If all goes to plan, in the early hours of Thursday morning, the members of the Knesset, after a long filibustered debate, will have pressed the voting buttons in front of them and Israel’s state budget for 2021-22 will have passed its final readings. For the first time in nearly two years, the Israeli government will no longer be working on fiscal auto-pilot, and a long period of political and financial instability will finally be over. That is if all goes to plan and the leaders of the eight parties in government can ensure that all their members are present and voting according to the coalition agreement.

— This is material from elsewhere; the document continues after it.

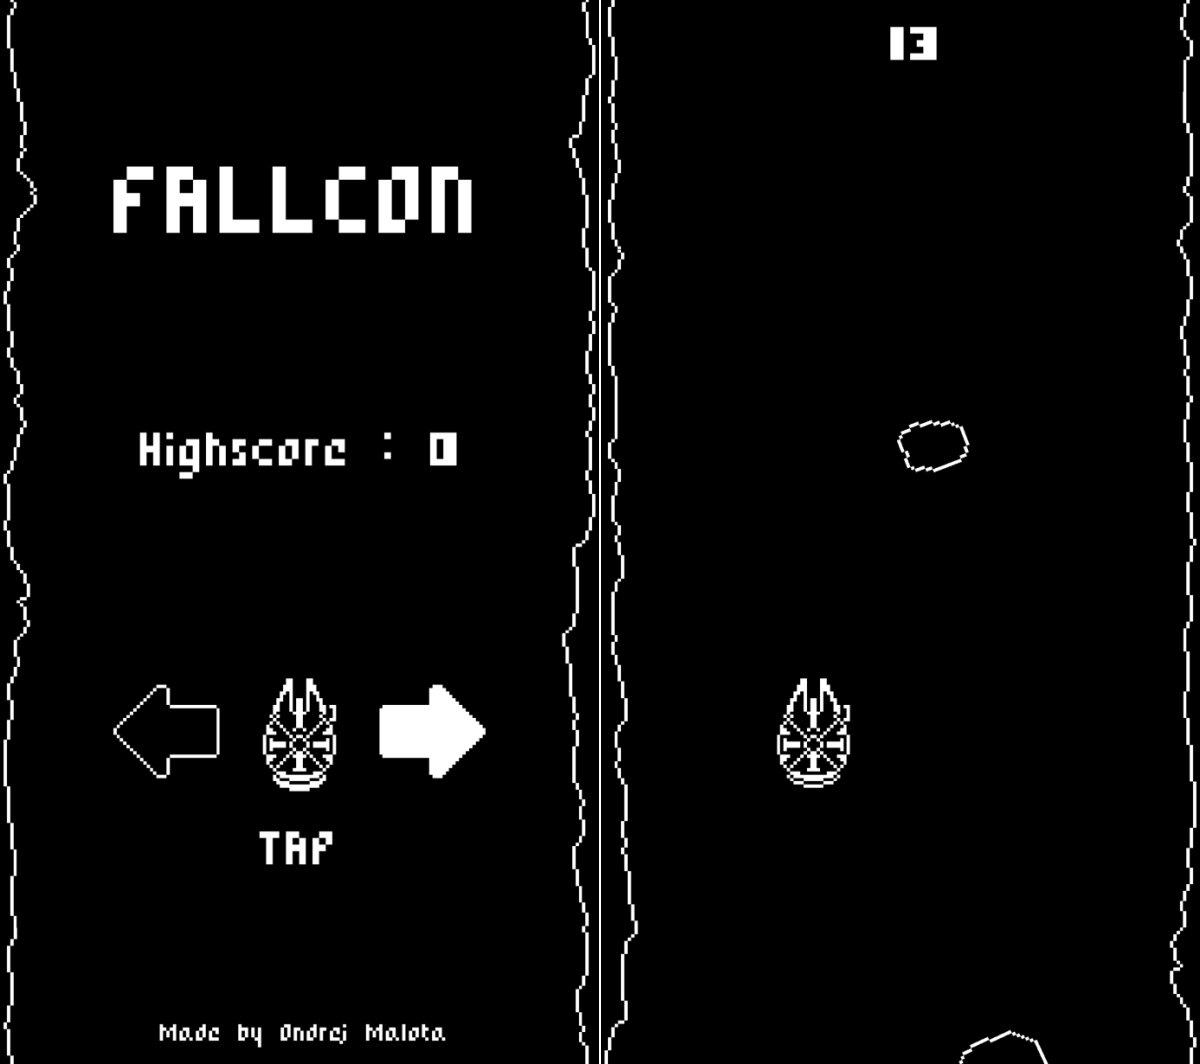 Fallcone capture ipa iphone game

Near the end of this week, they seemed reasonably confident all the clauses of the 885 billion shekel (£200 billion) budget for the year which is nearly over and for the next 12 months were agreed. Not every spending item was easily palatable to the coalition partners. The left had to swallow funding for West Bank settlements and the right agreed to allocating money to illegally constructed Bedouin townships in the Negev which they believe are eroding the state’s authority. But that is the nature of this polyglot coalition.

Naftali Bennett’s government will have reached the closest thing it has to a safe haven; 143 days after it was inaugurated, it has defied the expectations of many by making it this far. In the last four and a half months, despite a majority of only two MKs, it has lost only three votes, passed most legislation it planned and with a budget passed before the deadline on 14 November, which would have triggered a new election, will be reasonably secure. The next budget deadline is June 2023. Even opposition leader Benjamin Netanyahu, who promised on the day he was forced out of office “we will be back soon,” admitted last week it could take “two weeks or three and a half years,” until Likud make it back.